I didn’t discover that Joe Hill was Stephen King’s son until after I finished the book. Hmmm…the fathers in this story are all evil old men. It makes you think.
Be warned this book should certainly have an MA rating. There is lots of violence and the language is colourful.
It seems like it has been ages since I read something for younger children. All these adult books for review are certainly modifying my reading habits. However, I heard a lot of positive comments about this book at a recent conference, so it eventually came to the top of the list.
As the book begins Aunt Bethany has recently died leaving a music box to her nephew Leo. He has always been fascinated by the box and she knew he was responsible enough to follow the rules. However his cousin Mimi comes to stay for a few weeks and she is an established rule breaker. Without spoiling the story, I can reveal that this is a quest fantasy.
Regular readers will know that I am always crying out for fantasy novels to reflect a real cultural heritage. Rodda has accomplished this brilliantly with her references to Farmer Jack Macdonald, trolls under bridges, and lots more.
This book has been shortlisted on the CBC Younger Readers list. I haven’t read the complete list yet, but I would think this one has a very good chance of winning.
Thank goodness for Michael Panckridge. He has incredible skill when writing short, adventurous stories for kids entering secondary school. This book is no different, and it serves well to introduce kids to the new archaeological adventure genre.

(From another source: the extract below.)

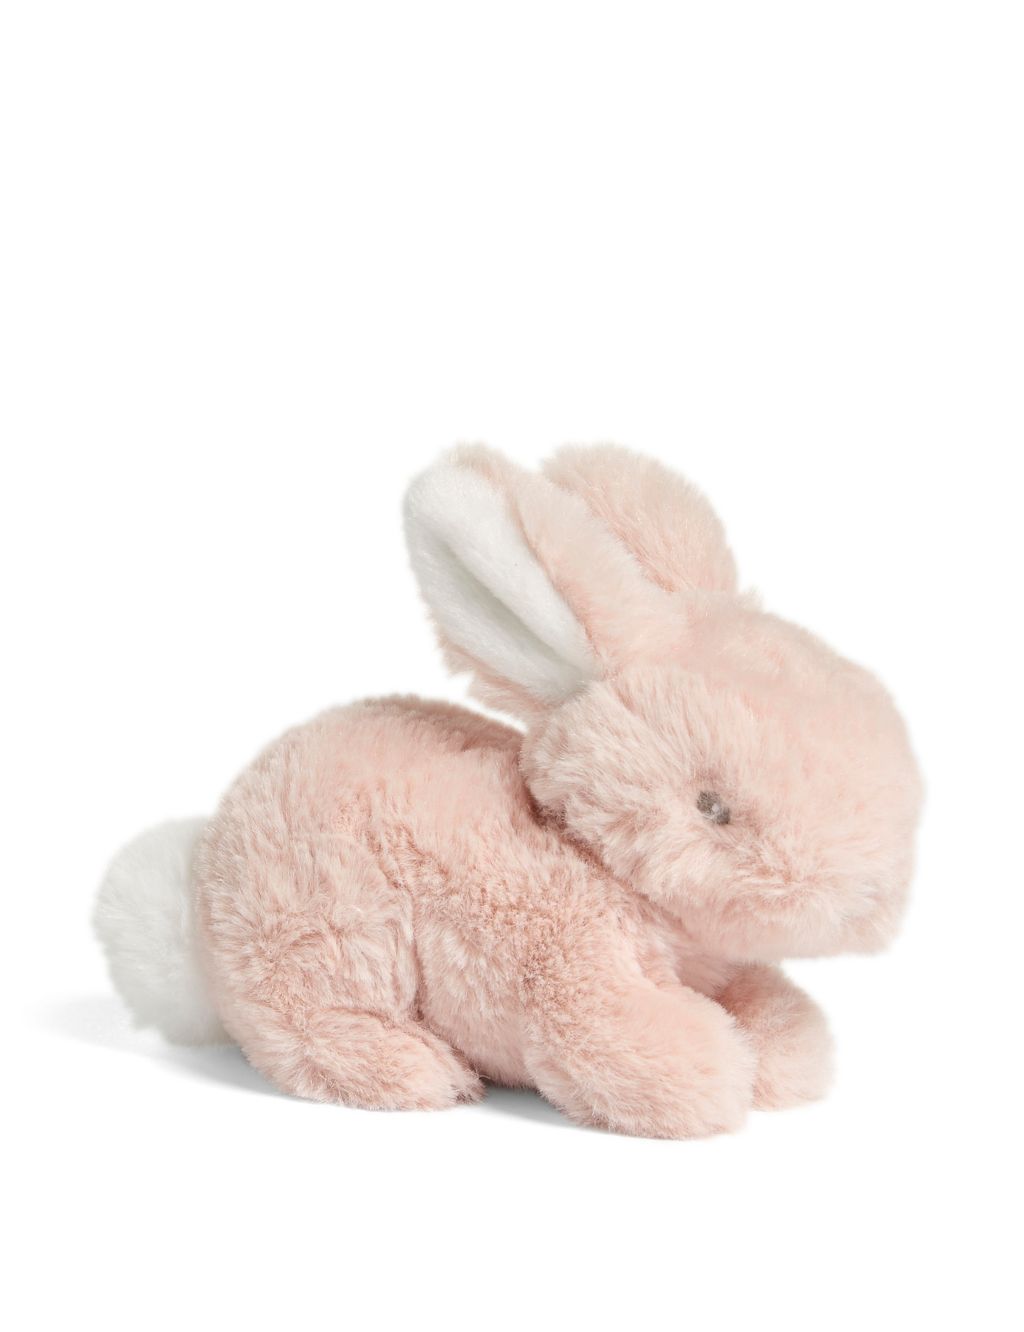 Forever Treasured Pink Bunny Soft Toy image 1

Lewis is a young man attending boarding school. His mother disappears early in the book leaving him a letter that sets Lewis off on a search to find her. It also puts the young man in conflict with the Light Society, a group of crusaders determined to rid the world of evil. But is every definition of evil the same?
This book was easily read in one sitting. It gets the reader in quickly and won’t release him until the story is finished. I hope it is the first in a continuing series of Light Society novels.